If \(b = 9\), then the sum of the digits is: \[ 17 + a + 9 = 26 + a \] For \(a + b \equiv 2 \pmod{3}\), we need: \[ 26 + a \equiv 0 \pmod{3} \] Since \(26 \equiv 2 \pmod{3}\), we require: \[ a \equiv 1 \pmod{3} \] Thus, \(a = 1, 4, 7\).

The possible numbers are: - If \(a = 1\), the number is \(53919\). - If \(a = 4\), the number is \(53949\). - If \(a = 7\), the number is \(53979\).

1. 1. 1. 1. Case 2: \(b = 4\)

If \(b = 4\), then the sum of the digits is: \[ 17 + a + 4 = 21 + a \] For \(a + b \equiv 2 \pmod{3}\), we need: \[ 21 + a \equiv 0 \pmod{3} \] Since \(21 \equiv 0 \pmod{3}\), we require: \[ a \equiv 0 \pmod{3} \] Thus, \(a = 0, 3, 6, 9\).

The possible numbers are: - If \(a = 0\), the number is \(53904\). - If \(a = 3\), the number is \(53934\). - If \(a = 6\), the number is \(53964\). - If \(a = 9\), the number is \(53994\).

1. 1. 1. Step 6: Check the number of divisors for each candidate

We now check the number of divisors for each candidate number. Using a divisor counting method, we find that all of the following numbers have 36 divisors: - \(53919\) - \(53949\) - \(53979\) - \(53904\) - \(53934\) - \(53964\) - \(53994\)

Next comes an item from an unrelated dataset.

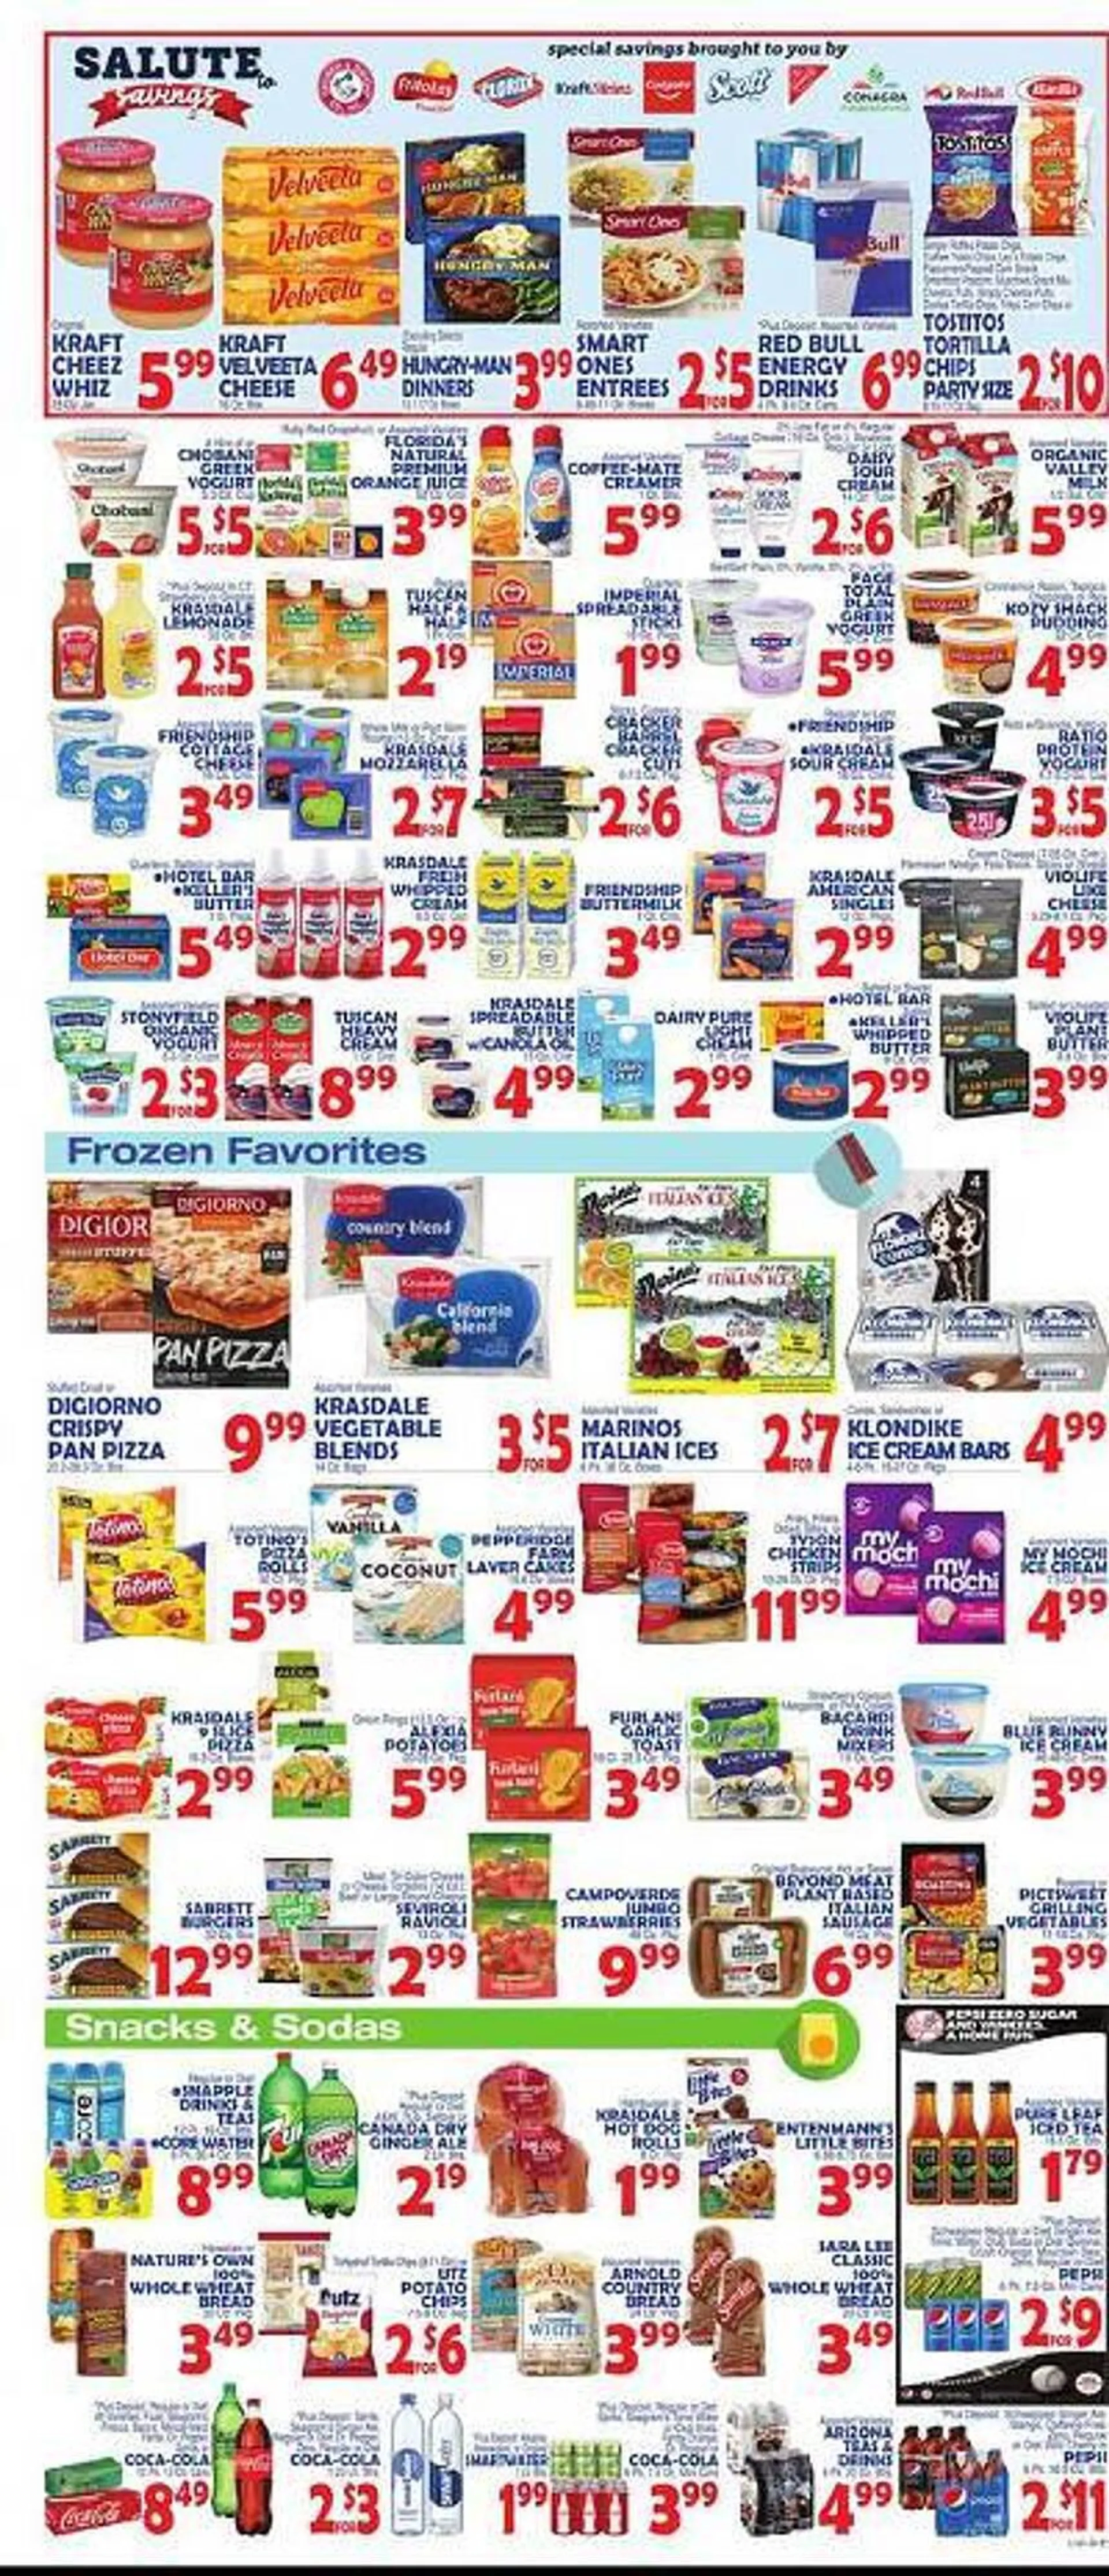 Bravo Supermarkets ad - 5

1. 1. 1. Step 7: Calculate the sum of the digits

Now, we calculate the sum \(a + b\) for each valid combination of \(a\) and \(b\): - For \(53919\), \(a = 1\) and \(b = 9\), so \(a + b = 1 + 9 = 10\). - For \(53949\), \(a = 4\) and \(b = 9\), so \(a + b = 4 + 9 = 13\). - For \(53979\), \(a = 7\) and \(b = 9\), so \(a + b = 7 + 9 = 16\). - For \(53904\), \(a = 0\) and \(b = 4\), so \(a + b = 0 + 4 = 4\). - For \(53934\), \(a = 3\) and \(b = 4\), so \(a + b = 3 + 4 = 7\). - For \(53964\), \(a = 6\) and \(b = 4\), so \(a + b = 6 + 4 = 10\). - For \(53994\), \(a = 9\) and \(b = 4\), so \(a + b = 9 + 4 = 13\).

1. 1. 1. Step 8: Conclusion

The sum of the digits \(a + b\) that satisfies all conditions is \( \boxed{10} \).

See also

The problems on this page are copyrighted by the Mathematical Association of America's American Mathematics Competitions.